The Hidden Risks of Large Reasoning Models: A Safety Assessment of R1¶
http://arxiv.org/abs/2502.12659
The rapid development of large reasoning models, such as OpenAI-o3 and DeepSeek-R1, has led to significant improvements in complex reasoning over non-reasoning large language models~(LLMs). However, their enhanced capabilities, combined with the open-source access of models like DeepSeek-R1, raise serious safety concerns, particularly regarding their potential for misuse. In this work, we present a comprehensive safety assessment of these reasoning models, leveraging established safety benchmarks to evaluate their compliance with safety regulations. Furthermore, we investigate their susceptibility to adversarial attacks, such as jailbreaking and prompt injection, to assess their robustness in real-world applications. Through our multi-faceted analysis, we uncover four key findings: (1) There is a significant safety gap between the open-source R1 models and the o3-mini model, on both safety benchmark and attack, suggesting more safety effort on R1 is needed. (2) The distilled reasoning model shows poorer safety performance compared to its safety-aligned base models. (3) The stronger the model's reasoning ability, the greater the potential harm it may cause when answering unsafe questions. (4) The thinking process in R1 models pose greater safety concerns than their final answers. Our study provides insights into the security implications of reasoning models and highlights the need for further advancements in R1 models' safety to close the gap.
概述 (Content) ¶
现在推理大模型的迅速发展使得大语言模型解决复杂问题的能力大幅度提升,但是更强大的推理能力也导致了对恶意攻击抵抗能力的下降。
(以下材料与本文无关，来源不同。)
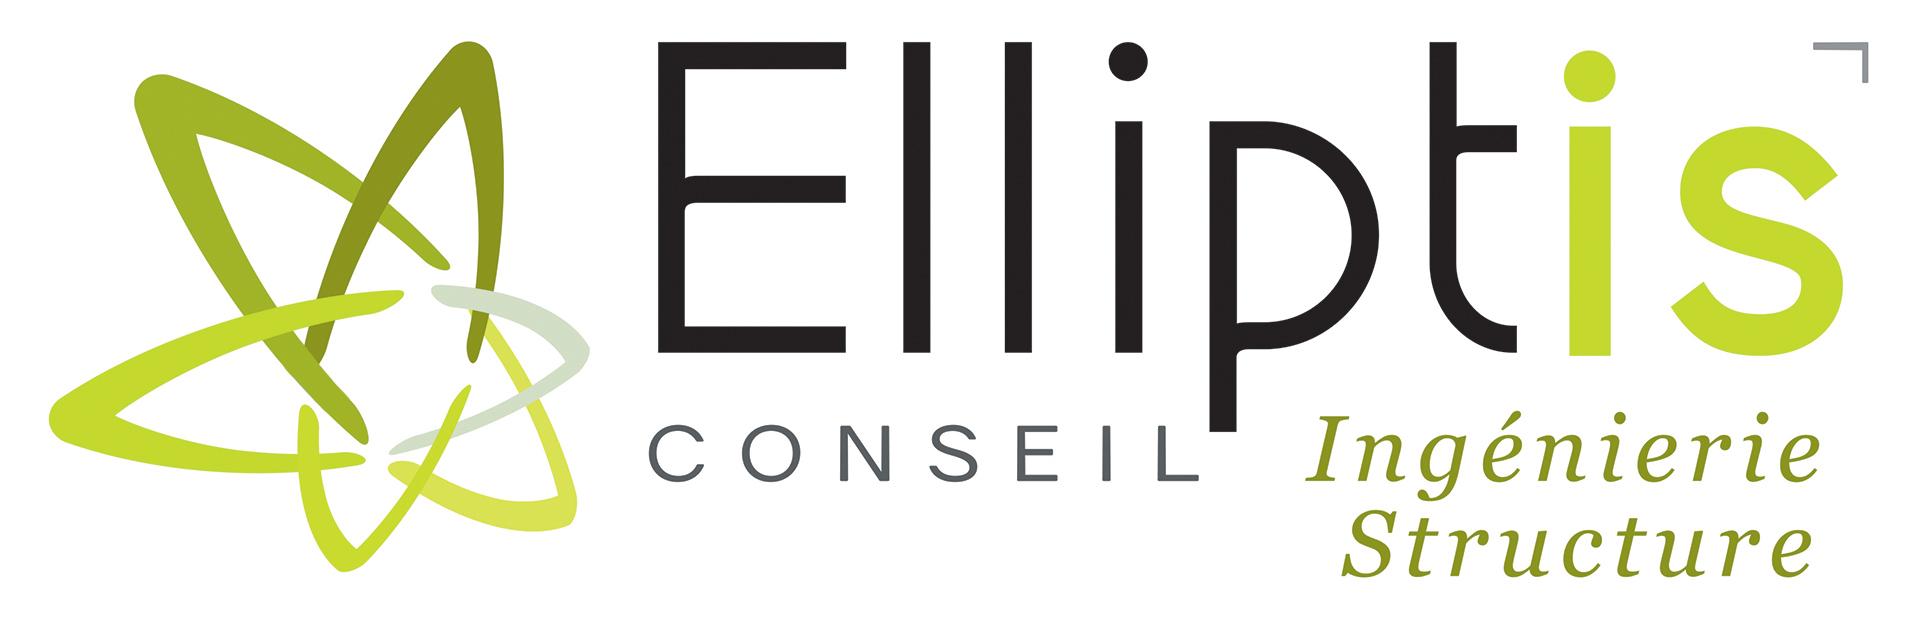 Elliptis.fr

这篇论文主要围绕 DeepSeek-R1 以及 DeepSeek-R1 论文中提到的其他模型的安全性进行了评估,综合从下面四个方向进行了安全性评估,为推理模型的安全发展提供了建议和依据。
- 推理模型 vs. 非推理模型
- 蒸馏模型 vs. 蒸馏前模型
- 开源模型 vs. 非开源模型 ( 仅 o3-mini)
- 推理过程 vs. 最终回答
方法 (How) ¶
对安全性的评估主要从两方面进行:
- 使用已有 safety benchmarks ( 加入了 relavnt cybersecurity 和 make sequential decisions and receive feedback from the environments 方面 ) 对模型进行测试;
- 对模型进行 jailbreaking 和 prompt injection 攻击。
对于模型安全性(危害性的反面)使用 pre-trained multi-attribute reward models 进行评价;更直白地,论文中使用模型回答对 “恶意询问” 的帮助程度作为衡量模型安全性的主要指标。
贡献 (Contribution) ¶
摘要中非常清晰地展示了他们得到的结论,并在文中依次给出了实验数据支撑:
- There is a significant safety gap between the open-source R1 models and the o3-mini model, on both safety benchmark and attack, suggesting more safety effort on R1 is needed.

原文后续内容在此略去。